I have talked a lot about European chattel enslavement but what is not as well-known is the Arab enslavement of Africans.

The selling of black slaves by black slaves is often used as a counter argument to diminish the responsibility of European Chattel slave owners.

In her book ‘Layers of Blackness’, Dr Deborah Gabriel discusses racist attitudes in religious texts as well as the chattel enslavement of Africans by the mixed offspring of raped African women by Arab men.

In the book the author talks about the hierarchy of colourism that then ensued because the children of those abused women took on the identities of their fathers who had higher social status as a matter of survival.

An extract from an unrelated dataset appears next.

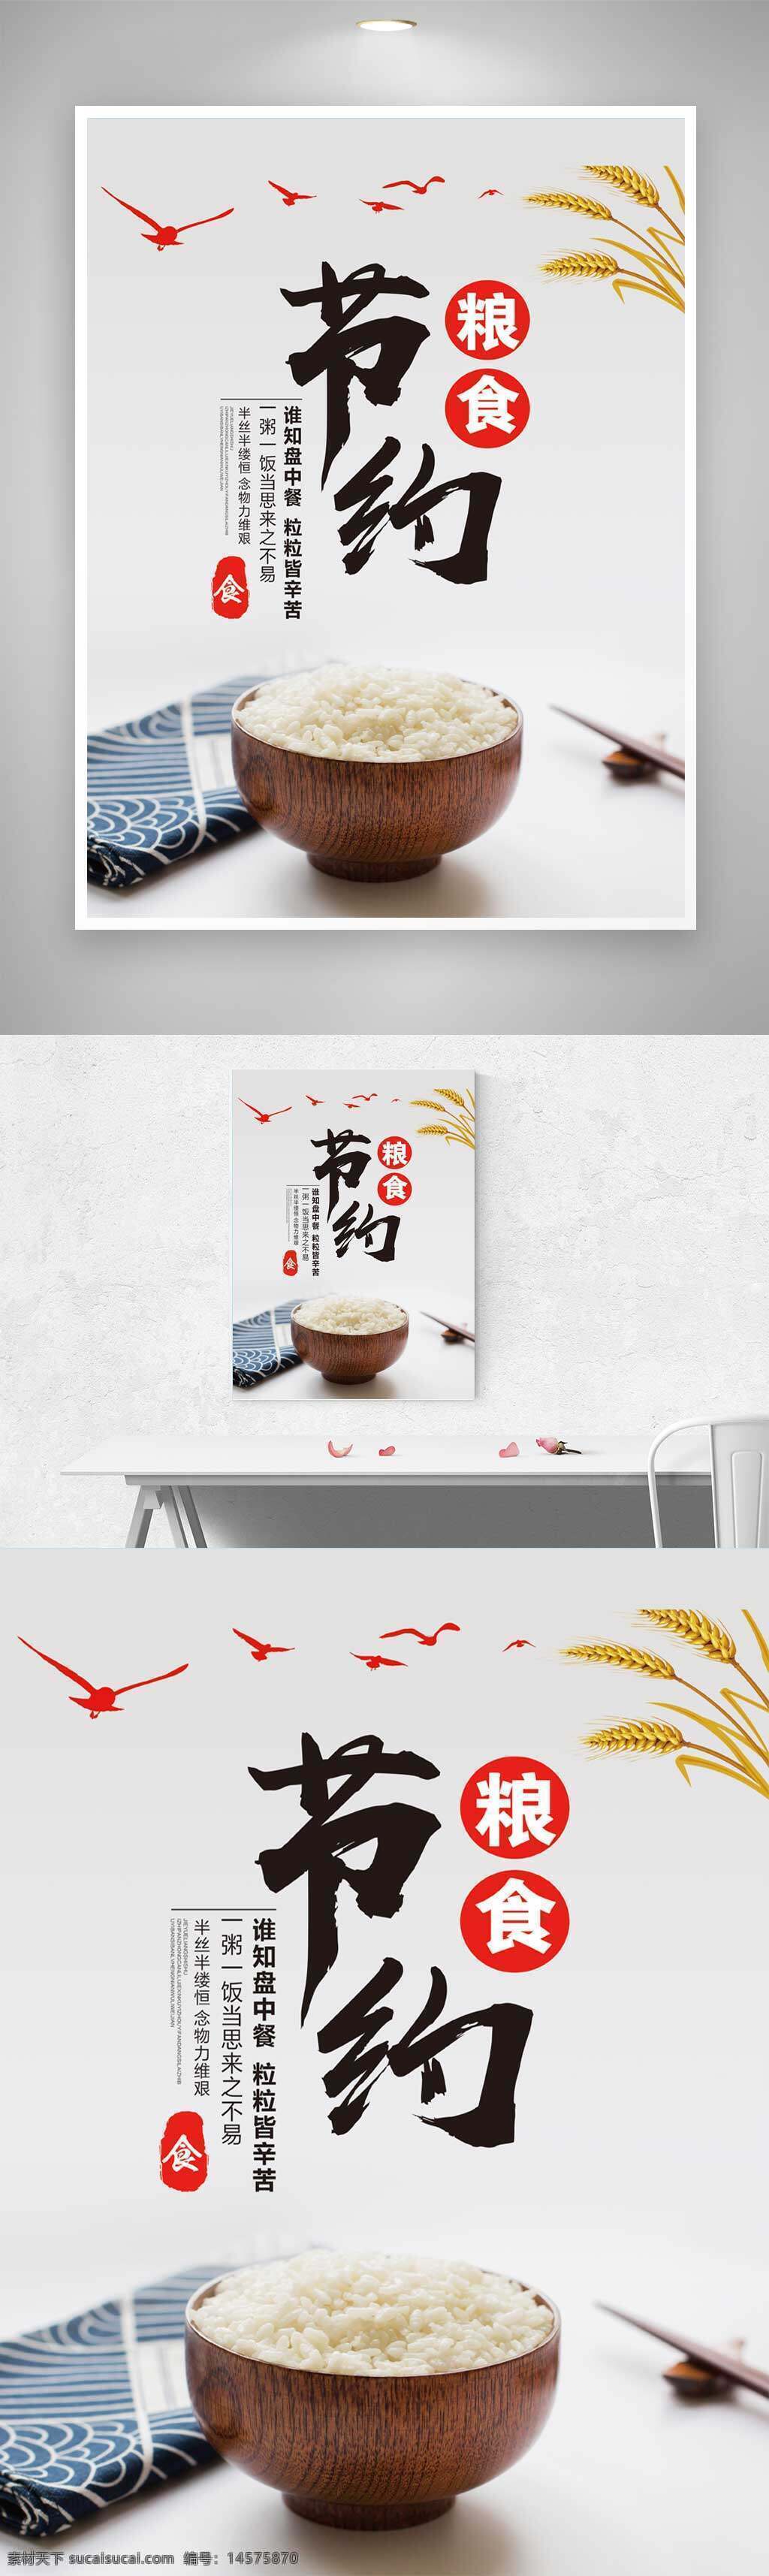 节约粮食 大米 稻谷 大雁 中式海报 餐厅海报 餐厅文化 食堂文化 珍惜粮食

“The inter-mixing of Muslim traders with indigenous Africans produced a lighter-skinned group that formed both the elite of African society as well as the slave trading class” (Gabriel, 2007).

References

Clark, K & Clark, M. (1940). Black Doll White Doll.(2007). [online video] Available at https://www.youtube.com/watch?v=ybDa0gSuAcg [Accessed 30 July 2018]

Gabriel, D. (2007). Layers of blackness. London: Imani Media Ltd.

Gaspar, B.D & Hine, C.D (1996). More than Chattel: Black Women and Slavery in the Americas. Bloomington and Indianapolis: Indiana University Press.

Thomas, H. (1998) The Slave Trade: History of the Atlantic Slave Trade, 1440-1870. London: Macmillan.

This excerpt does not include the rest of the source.